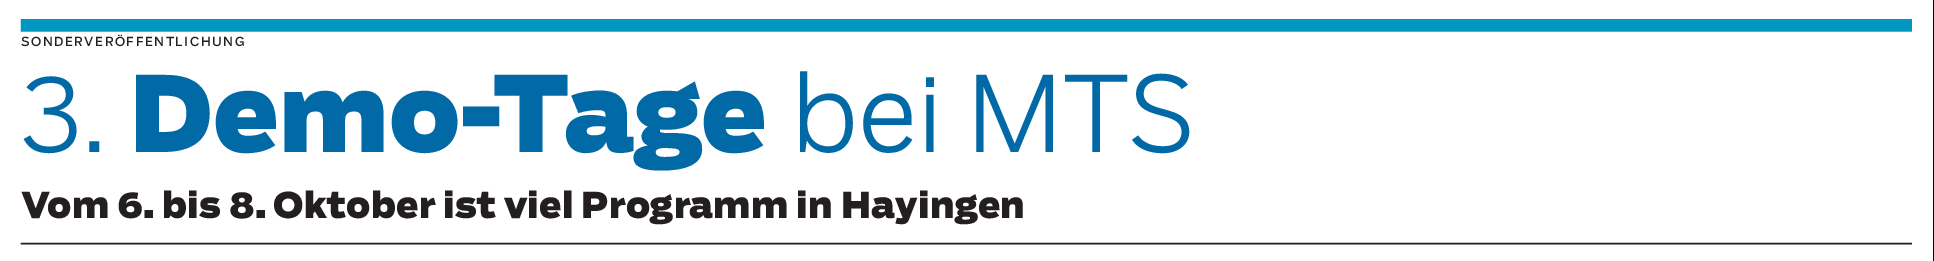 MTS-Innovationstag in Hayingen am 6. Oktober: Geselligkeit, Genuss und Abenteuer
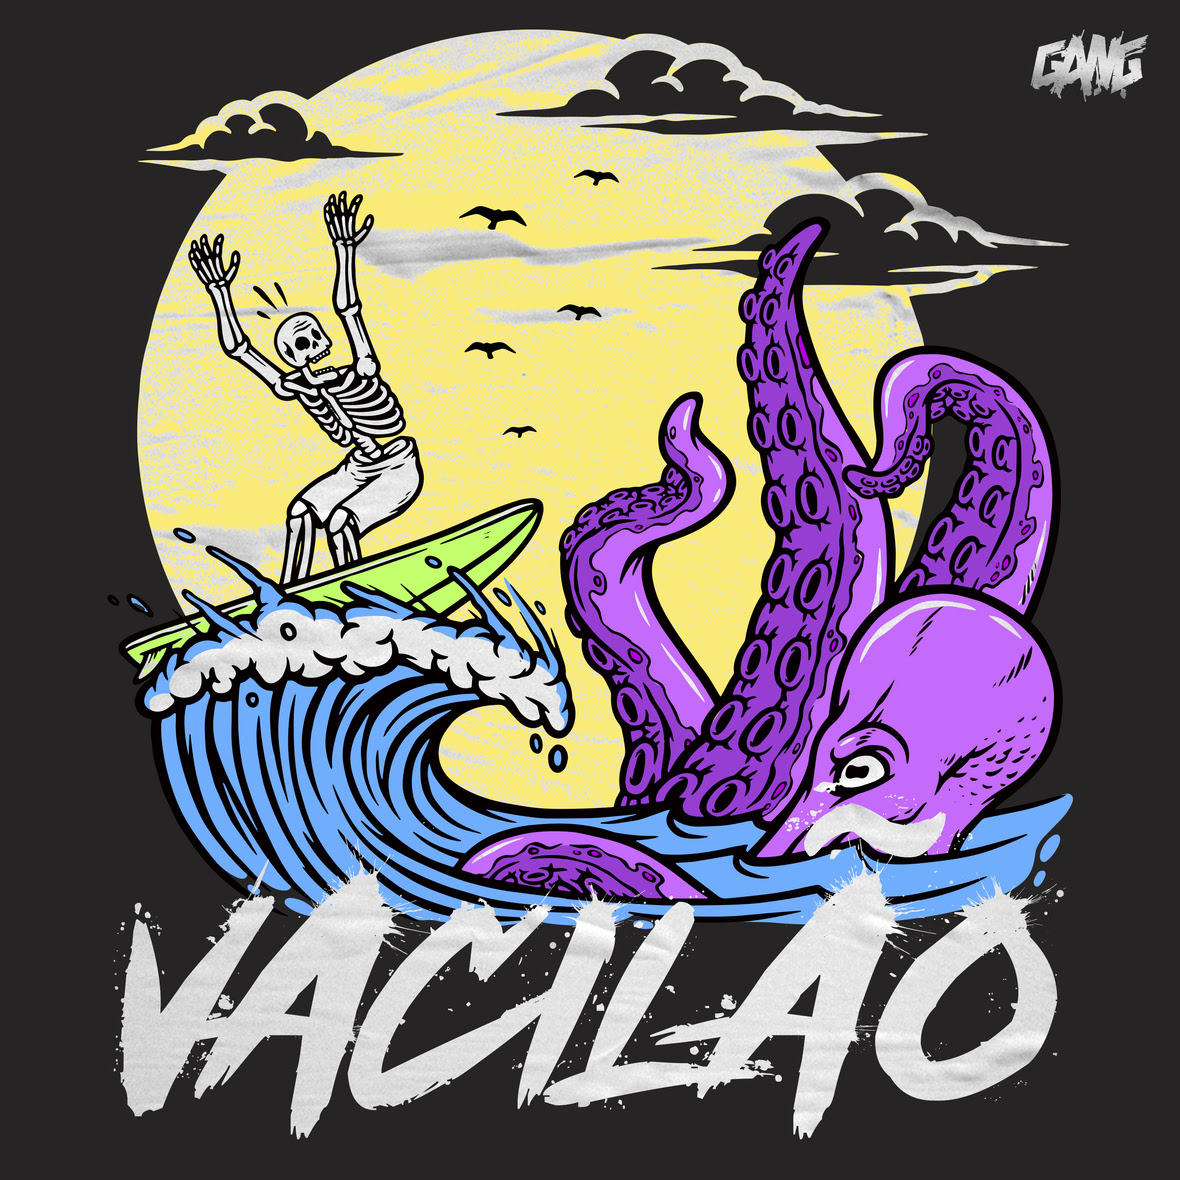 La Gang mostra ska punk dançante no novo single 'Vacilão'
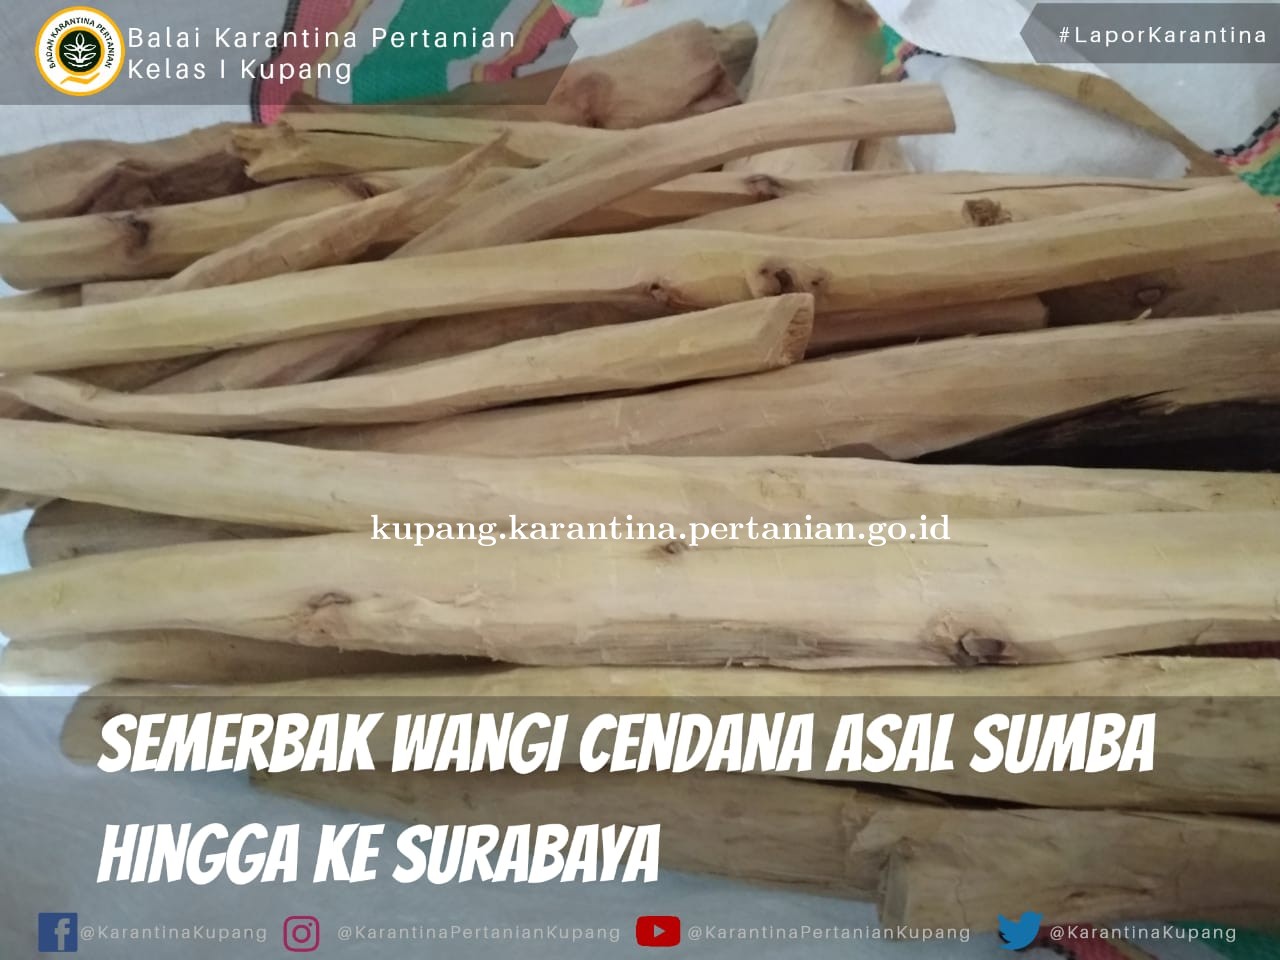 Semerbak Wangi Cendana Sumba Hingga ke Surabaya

___

● **WORK ORDER**: Repeat the line that contains "La Gang mostra" and each line after it, through the last line of the listing, exactly and alone; pictures stay out of the repeat.

● **ANSWER TO THIS TASK**:
 La Gang mostra ska punk dançante no novo single 'Vacilão'
 Semerbak Wangi Cendana Sumba Hingga ke Surabaya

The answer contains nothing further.